Arc diff timeout with high latency network

#1

Hi All,

when running 'arc diff with 300ish file changes, I’m seeing timeout after 5 minutes. This issue only happens when I run arc diff from a remote with latency 800+ms. I tried running the same command with a better network and it’s fine.

My questions:

  1. Can I increase the timeout from 5 minutes to something higher?
  2. What is arc doing that takes more than 5 minutes?

Here’s the log:

    $ arc diff --trace --update D4614 --conduit-uri=https://phab.corp.fortinet.com
   ARGV  '/home/sbevan/ext/arcanist/bin/../scripts/arcanist.php' 'diff' '--trace' '--update' 'D4614' '--conduit-uri=https://phab.corp.fortinet.com'
   LOAD  Loaded "phutil" from "/home/sbevan/ext/libphutil/src".
   LOAD  Loaded "arcanist" from "/home/sbevan/ext/arcanist/src".
  Config: Reading user configuration file "/home/sbevan/.arcrc"...
  Config: Did not find system configuration at "/etc/arcconfig".
  Working Copy: Unable to find .arcconfig in any of these locations: /home/sbevan/fos/7482/merge/br_6_device_labels.git/.arcconfig.
  Working Copy: Path "/home/sbevan/fos/7482/merge/br_6_device_labels.git" is part of `git` working copy "/home/sbevan/fos/7482/merge/br_6_device_labels.git".
  Working Copy: Project root is at "/home/sbevan/fos/7482/merge/br_6_device_labels.git".
  Config: Did not find local configuration at "/home/sbevan/fos/7482/merge/br_6_device_labels.git/.git/arc/config".
  >>> [0] <http> https://phab.corp.fortinet.com/api/user.whoami
  <<< [0] <http> 1,709,004 us
  >>> [1] <exec> $ git --version
  <<< [1] <exec> 2,610 us
  >>> [2] <exec> $ git status --porcelain=2 -z
  <<< [2] <exec> 92,961 us
  You have untracked files in this working copy.

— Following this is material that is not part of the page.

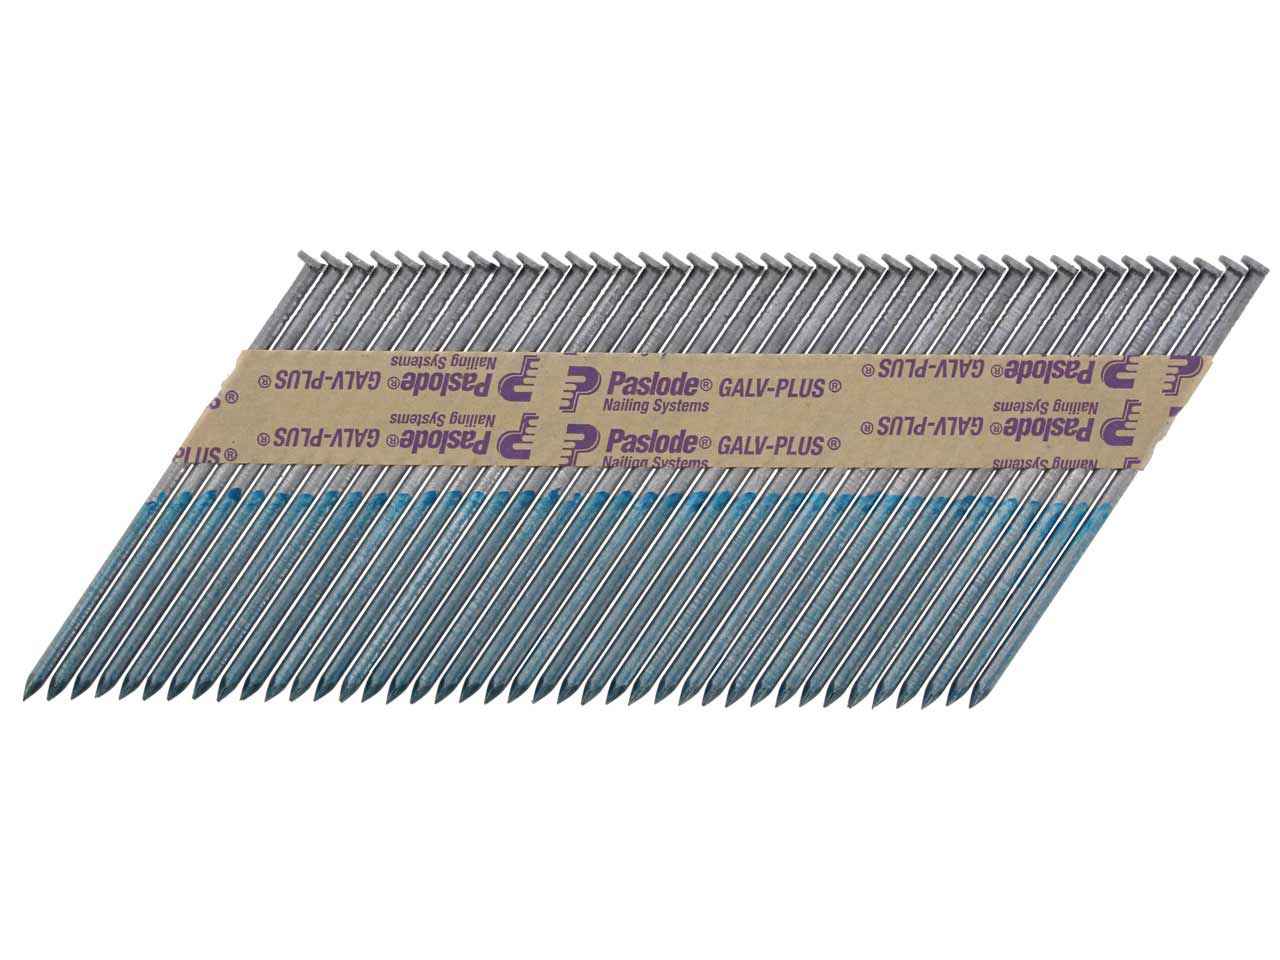 NEW** Paslode 141267 3.1mm x 90mm Smooth Pack of 1100 Nails + 1 Fuel Cell |  eBay
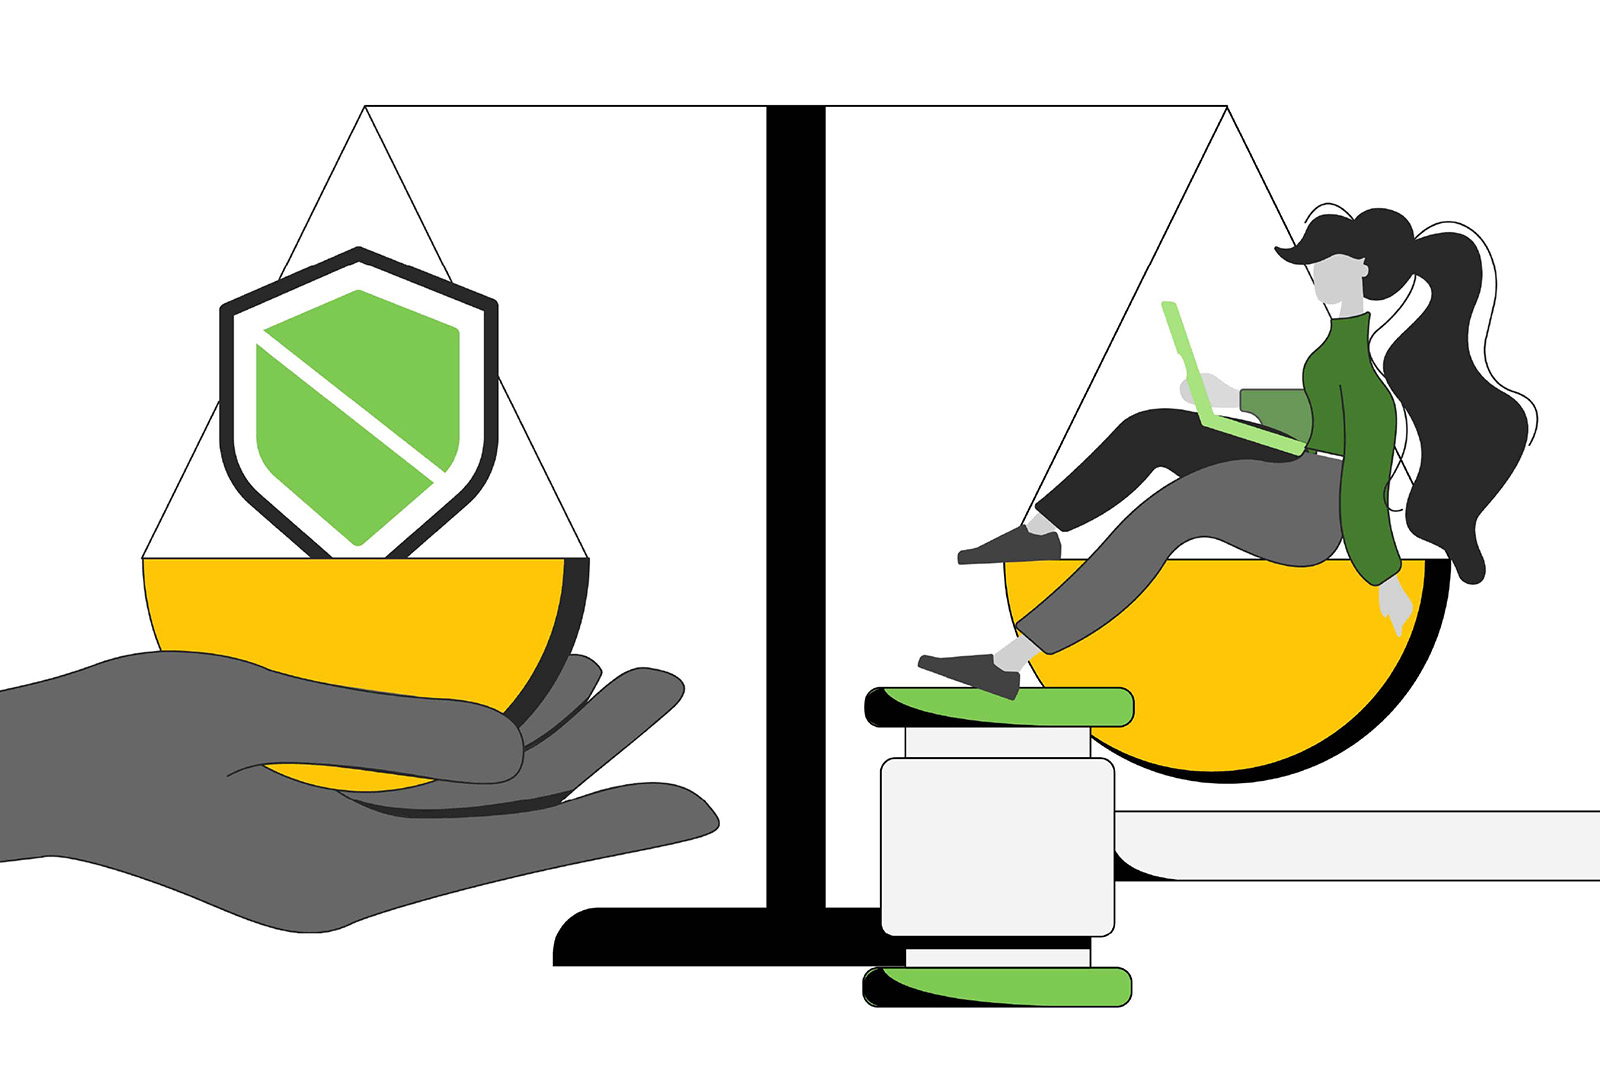 Beside a gavel, a set of scales weighs a person with long hair and laptop one one side, and the icon of a shield supported by a hand in another.

    Working copy: /home/sbevan/fos/7482/merge/br_6_device_labels.git/
  >>> [3] <event> diff.didCollectChanges <listeners = 0>
  <<< [3] <event> 159 us
  >>> [4] <http> https://phab.corp.fortinet.com/api/differential.query
  <<< [4] <http> 861,021 us
  >>> [5] <http> https://phab.corp.fortinet.com/api/differential.getcommitmessage
  <<< [5] <http> 306,818 us
  >>> [6] <http> https://phab.corp.fortinet.com/api/differential.parsecommitmessage
  <<< [6] <http> 921,283 us
  >>> [7] <event> diff.didBuildMessage <listeners = 0>
  <<< [7] <event> 21 us
  >>> [8] <exec> $ git rev-parse --git-dir
  <<< [8] <exec> 2,542 us
  >>> [9] <exec> $ git rev-parse --verify HEAD^
  <<< [9] <exec> 6,898 us
  >>> [10] <exec> $ git rev-parse --abbrev-ref --symbolic-full-name '@{upstream}'
  <<< [10] <exec> 2,256 us
  >>> [11] <exec> $ git cat-file -t 'origin/master'
  <<< [11] <exec> 2,706 us
  >>> [12] <exec> $ git merge-base 'origin/master' HEAD
  <<< [12] <exec> 3,009 us
  >>> [13] <exec> $ git rev-parse 'HEAD'
  <<< [13] <exec> 2,166 us
  >>> [14] <exec> $ git log --first-parent --format=medium '7cc5da020cbc2c1b9c45a702823cbca8bd05f9a0'..'18029a8ba46c8f6293487c493c850983c9125432'
  <<< [14] <exec> 3,330 us
  >>> [15] <http> https://phab.corp.fortinet.com/api/differential.querydiffs
  <<< [15] <http> 300,002,991 us

  [2019-04-04 22:01:23] EXCEPTION: (HTTPFutureCURLResponseStatus) [cURL/28] (https://phab.corp.fortinet.com/api/differential.querydiffs) <CURLE_OPERATION_TIMEDOUT> The request took too long to complete. at [<phutil>/src/future/http/HTTPSFuture.php:408]
  arcanist(head=master, ref.master=875d01836037), phutil(head=master, ref.master=4206849bb05b)
    #0 HTTPSFuture::isReady() called at [<phutil>/src/future/Future.php:37]
    #1 Future::resolve(NULL) called at [<phutil>/src/future/FutureProxy.php:34]
    #2 FutureProxy::resolve() called at [<phutil>/src/conduit/ConduitClient.php:64]
    #3 ConduitClient::callMethodSynchronous(string, array) called at [<arcanist>/src/workflow/ArcanistDiffWorkflow.php:2229]
    #4 ArcanistDiffWorkflow::loadActiveLocalCommitInfo() called at [<arcanist>/src/workflow/ArcanistDiffWorkflow.php:2128]
    #5 ArcanistDiffWorkflow::getGitUpdateMessage() called at [<arcanist>/src/workflow/ArcanistDiffWorkflow.php:2094]
    #6 ArcanistDiffWorkflow::getDefaultUpdateMessage() called at [<arcanist>/src/workflow/ArcanistDiffWorkflow.php:1871]
    #7 ArcanistDiffWorkflow::getUpdateMessage(array, NULL) called at [<arcanist>/src/workflow/ArcanistDiffWorkflow.php:773]
    #8 ArcanistDiffWorkflow::buildRevisionFromCommitMessage(ArcanistDifferentialCommitMessage) called at [<arcanist>/src/workflow/ArcanistDiffWorkflow.php:478]
    #9 ArcanistDiffWorkflow::run() called at [<arcanist>/scripts/arcanist.php:394]
0 Likes

#2

Before digging into this, try updating your install of arc - you’re about 6 month out of date, and https://secure.phabricator.com/D20221 is supposed to improve performance on arc diff with large diffs.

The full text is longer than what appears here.